CARAGA Hospital has 50 bed capacity. The newly appointed Chief of Hospital, Dr.Jack
Melo, just finished his residency training and passed the specialty board in Surgery. He is the son-
in-law of the President of the Board of the Xavier Educational Foundation which owns the
hospital.
The past ten years of operation has not been good for the hospital, having accumulated
collectibles due to unpaid hospital bills. Besides the laboratory which used to be a good source of
income, has recently been downgraded by the DOH-Regulations Team, because the equipment
are already outmoded and non functional, aside from the fact that the personnel manning the
unit are fresh graduates and lack appropriate trainings. The chief Medical Technologist has been
absentee recently and is allegedly moonlighting in a nearby newly opened laboratory.

The senior doctors have resigned, leaving the operations of the hospitals to those two
fresh graduates who are alternating in moonlighting at the hospital. A Junior resident, has not
been performing recently due to some health problems. A non board passer of medicine stays as
volunteer but seldom do his rounds. Dr. Melo, lives in the staff house with his family and is on call.

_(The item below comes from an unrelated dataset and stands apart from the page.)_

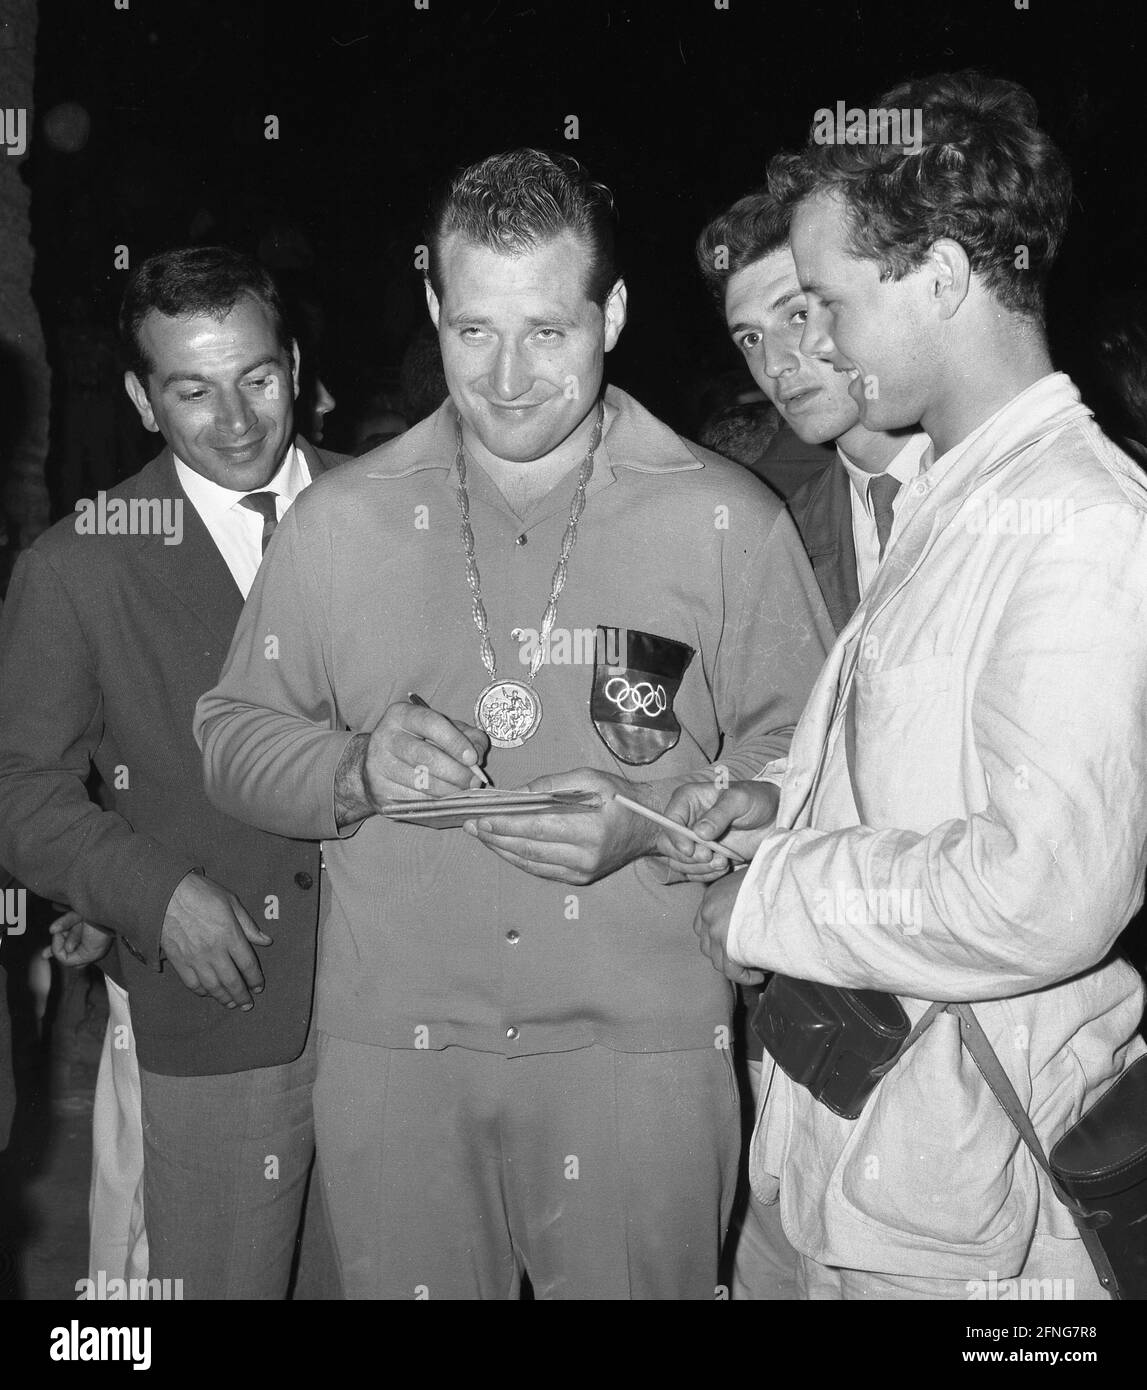 1960 Olimpiadas de verano en Roma. Wrestling: Wilfried Dietrich (Alemania) con medalla de oro, firma autógrafos 09/06/1960. [traducción automática] Foto de stock

The nursing staff are inadequate in number, so the chief nurse had allowed the nursing
students to do the charting in the morning shift, including the admissions. He found out errors of
carrying out orders so he had called the attention of the chief nurse for close monitoring of her
few nursing staff.

When Dr. Melo made an inventory of the medical supplies with the Supply officer, who is
also acting as the warehouseman, he noted that the remaining drugs were just a few plastic bags
of fluids and a few boxes of 500 mg tablets of paracetamol, not a single capsule of antibiotics nor
any parenteral medications for emergency use. The supply officer, Mr. Pons is retirable and sickly
while the hospital Pharmacist is on indefinite leave, having been petitioned by her daughter to
USA.

The Records officer, Mrs. Lee, had a miscarriage and is on Maternity leave. Records are
left at the nurses’ station and unrecorded. Complains on un-acted/unfilled PHIC claims are filling
up.

AS DR. MELO’ Consultant:

1. Cite situation of the following and give a very brief explanation of each

a.Priority Technical concern

b.Priority Financial Concern


c.Priority Commercial Concern
d.Priority Security Concern
2.Draw the three levels of managers, and identify them in the diagram.
3.How would Dr. Melo apply the different functions of management to improve the hospital
set-up?
4. Cite one Organizational theory that you would apply in your Caraga hospital.

I.

A. Priority Technical concern


Attainment of the Millenium Development Goals (MDGs) is considered to be of great technical
concern in the hospital, wherein MDGs includes eradication of extreme poverty and hunger,
achieving universal primary education, gender equality and women empowerment, reduce
child mortality, improve maternal health, combat HIV/AIDS, malaria and other diseases
including tuberculosis, ensure environmental sustainability, and global partnership for
development. All of these can be achieve through taking commitment and prompt action in
terms of an efficient financing mechanism, a competently trained and adequately paid
workforce, dependable and good source of information for decision and policy-making and a
well-maintained facilities and logistics to deliver quality medicines and technologies to all
mankind.

B. Priority Financial Concern


Adequacy of laboratory services and suitable medical supplies should have been taken into
consideration. This would help to strengthen health service delivery systems to be more safe,
high quality, people-centered and integrated. More people will be given an equitable access
and receive cost-effective and immediate medical services that would alleviate their certain
condition in as soonest as time possible.

C. Priority Commercial Concern

Big investors, with their financial resources and expertise, have the advantage of being able to
start big, and to run hospitals more efficiently. This, in turn, accelerates the modernization and
expansion of the health-care sector.

The acquisition of investors to hold claim in the hospital would strategically prioritize the
improvement of machineries and financing trainings for the employees.

D. Priority Security Concern

The hospital lacks in legalities that could back-up their claim against their employees.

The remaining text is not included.